2006-2014 Showing the theoretical advantage of depth for generalization. The NIPS 2006 oral presentation experimentally demonstrated the advantage of depth and is one of the most cited papers in the field (over 2600 citations). The NIPS 2011 paper shows how deeper sum-product networks can represent functions which would otherwise require an exponentially larger model if the network is shallow. Finally, the NIPS 2014 paper on the number of linear regions of deep neural networks generalizes the ICLR 2014 paper mentioned above, showing that the number of linear pieces produced by a piecewise linear network grows exponentially in both width of layers and number of layers, i.e., depth, making the functions represented by such networks generally impossible to capture efficiently with kernel methods (short of using a trained neural net as the kernel).
2006-2014 Unsupervised deep learning based on auto-encoders (with the special case of GANs as decoder-only models, see below). The NIPS 2006 paper introduced greedy layer-wise pre-training, both in the supervised case and unsupervised case with auto-encoders.
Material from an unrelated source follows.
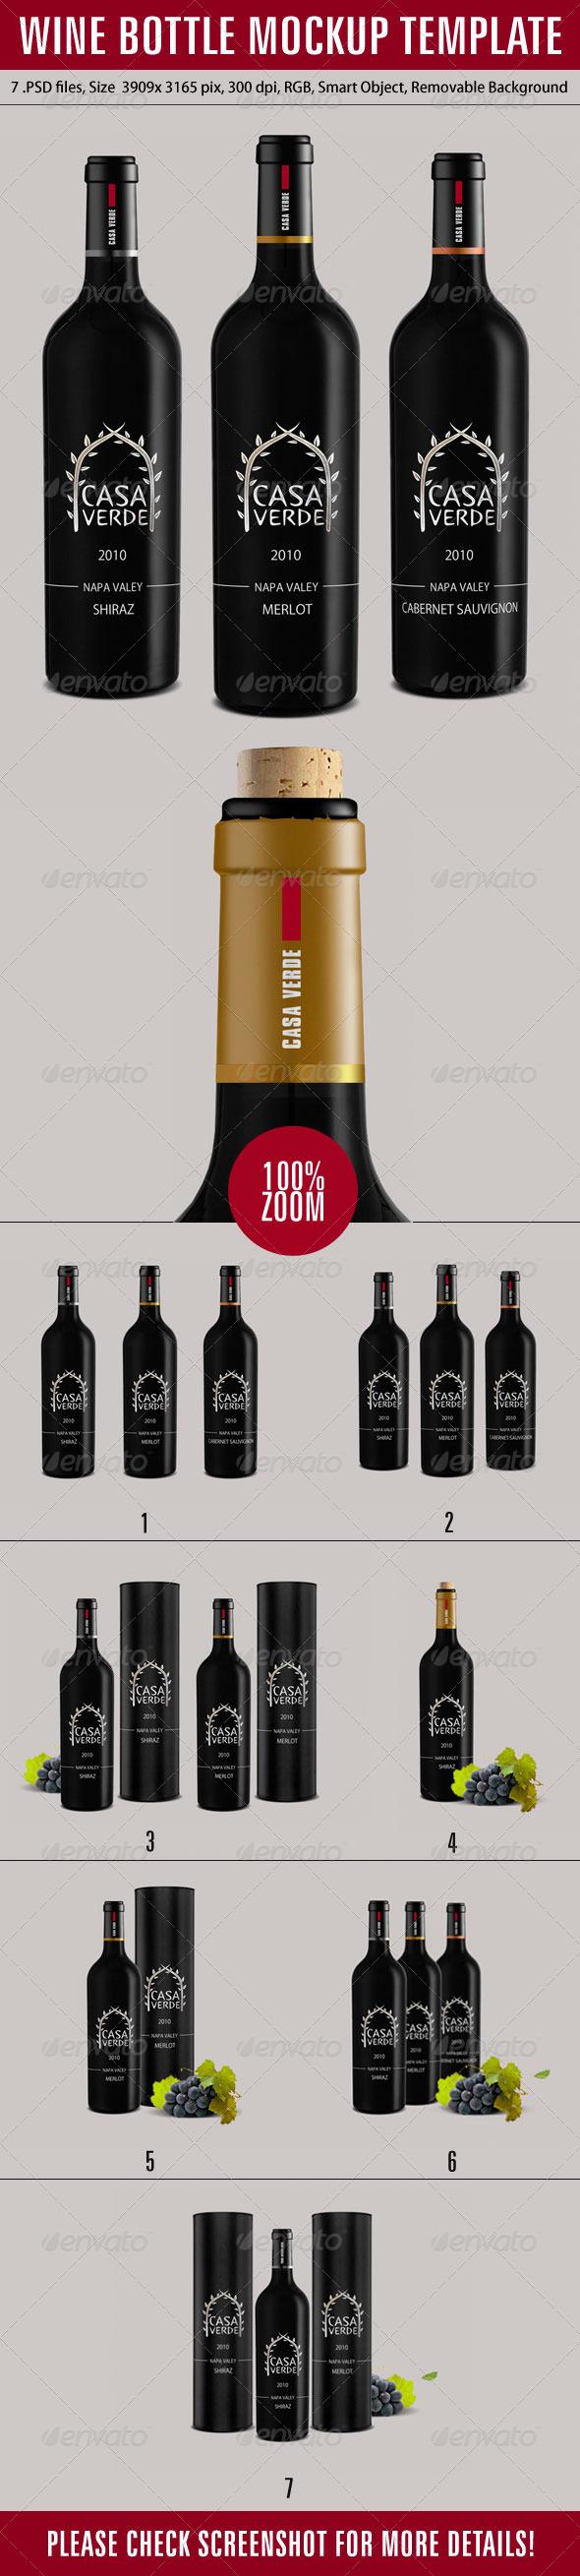 GraphicRiver Wine Bottle Mockup Template 6573257

The ICML 2008 paper introduced denoising auto-encoders and the NIPS 2013, ICML 2014 and JMLR 2014 papers cast their theory and generalize them as proper probabilistic models, at the same time introducing alternatives to maximum likelihood as training principles.
2014 Dispelling the local-minima myth regarding the optimization of neural networks, with the NIPS 2014 paper on saddle points, and demonstrating that it is the large number of parameters which makes it very unlikely that bad local minima exist.
2014 Introducing Generative Adversarial Networks (GANs) at NIPS 2014, which introduced many innovations in training deep generative models outside of the maximum likelihood framework and even outside of the classical framework of having a single objective function (instead entering into the territory of multiple models trained in a game-theoretical way, each with their objective). Presently one of the hottest research areas in deep learning with over 6000 citations mostly from papers that introduce variants of GANs, which have been producing impressively realistic synthetic images one would not have imagined computers being able to generate just a few years ago.
2014-2016 Introducing content-based soft attention and the breakthrough it brought to neural machine translation, mostly with Kyunghyun Cho and Dima Bahdanau. First introduced the encoder-decoder (now called sequence-to-sequence) architecture (EMNLP 2014) and then achieved a big jump in BLEU scores with content-based soft attention (ICLR 2015). These ingredients are now the basis of most commercial machine translation systems, another entire sub-field created using these techniques.